PROVIDED RECORDS —
┌──
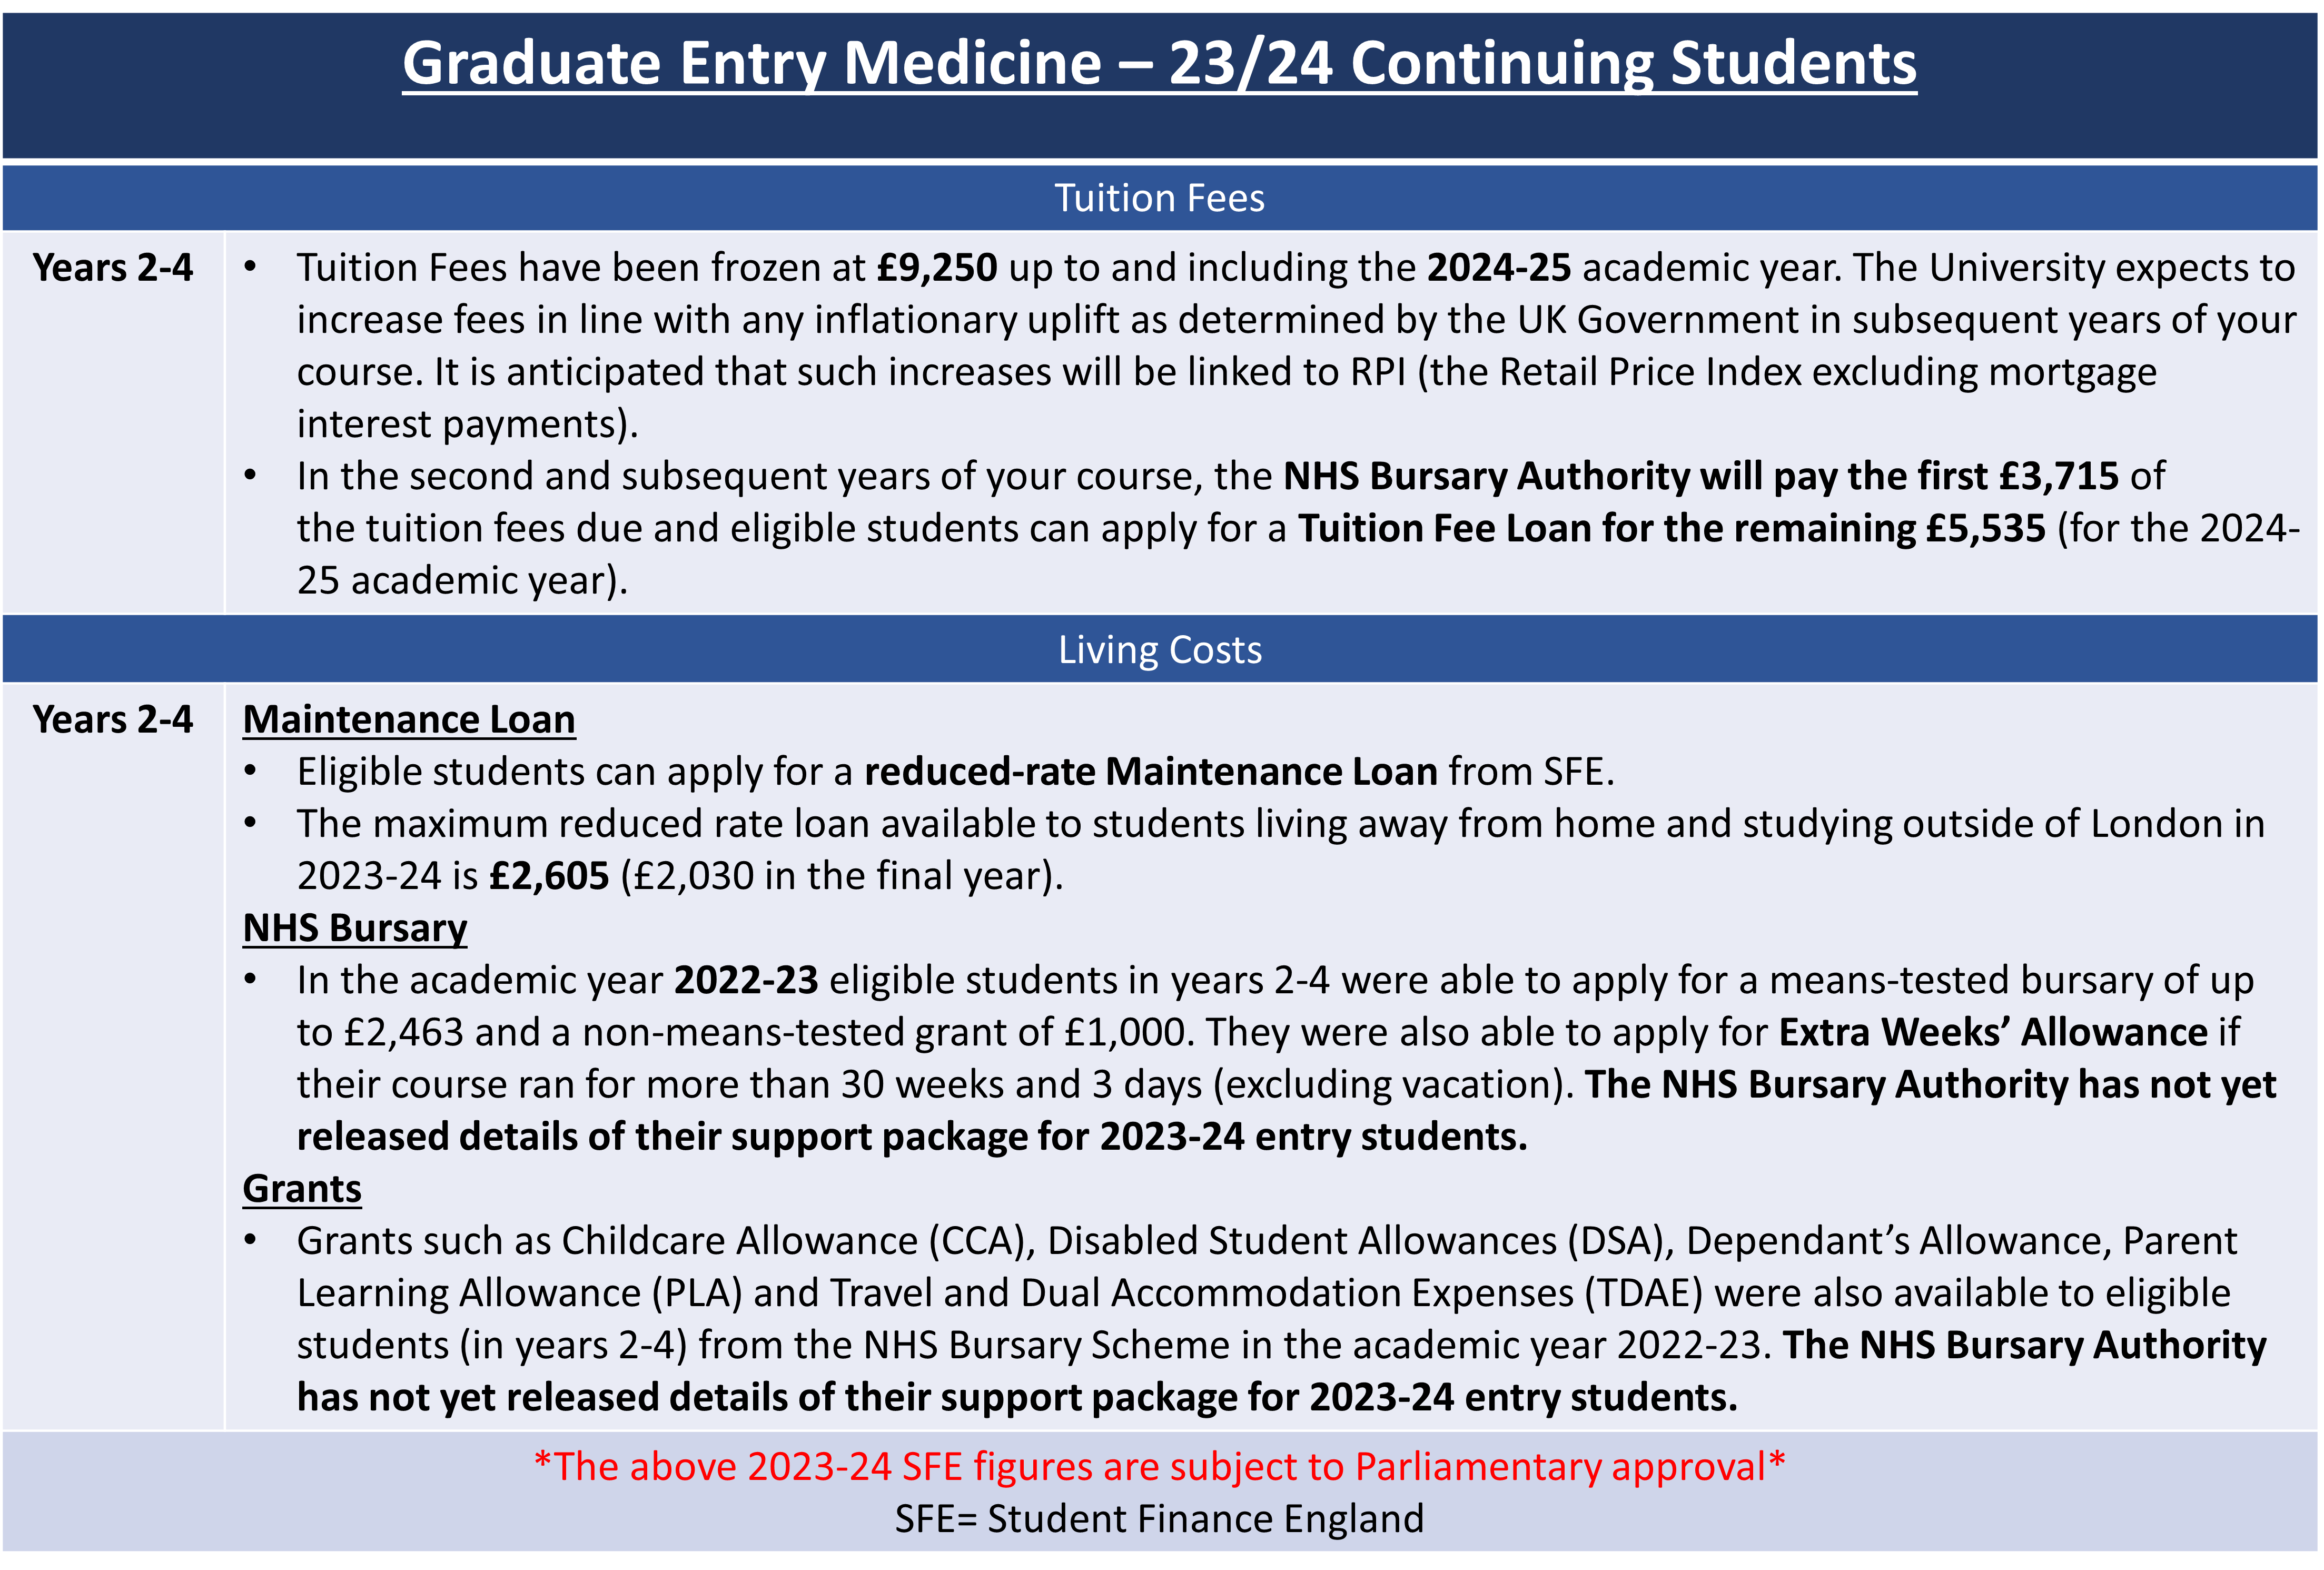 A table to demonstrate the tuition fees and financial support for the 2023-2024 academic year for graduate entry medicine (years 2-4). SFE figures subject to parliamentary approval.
└──
┌──
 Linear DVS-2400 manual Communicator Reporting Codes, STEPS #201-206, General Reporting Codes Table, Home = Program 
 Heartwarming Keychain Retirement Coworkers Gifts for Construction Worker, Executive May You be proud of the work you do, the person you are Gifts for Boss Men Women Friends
└──
Looking at the entries above, can you reproduce exactly the lines from the one that holds "Linear DVS-2400 manual" through the one that holds "Heartwarming Keychain Retirement", and only those?

REPLY TO THE EXERCISE —
 Linear DVS-2400 manual Communicator Reporting Codes, STEPS #201-206, General Reporting Codes Table, Home = Program 
 Heartwarming Keychain Retirement Coworkers Gifts for Construction Worker, Executive May You be proud of the work you do, the person you are Gifts for Boss Men Women Friends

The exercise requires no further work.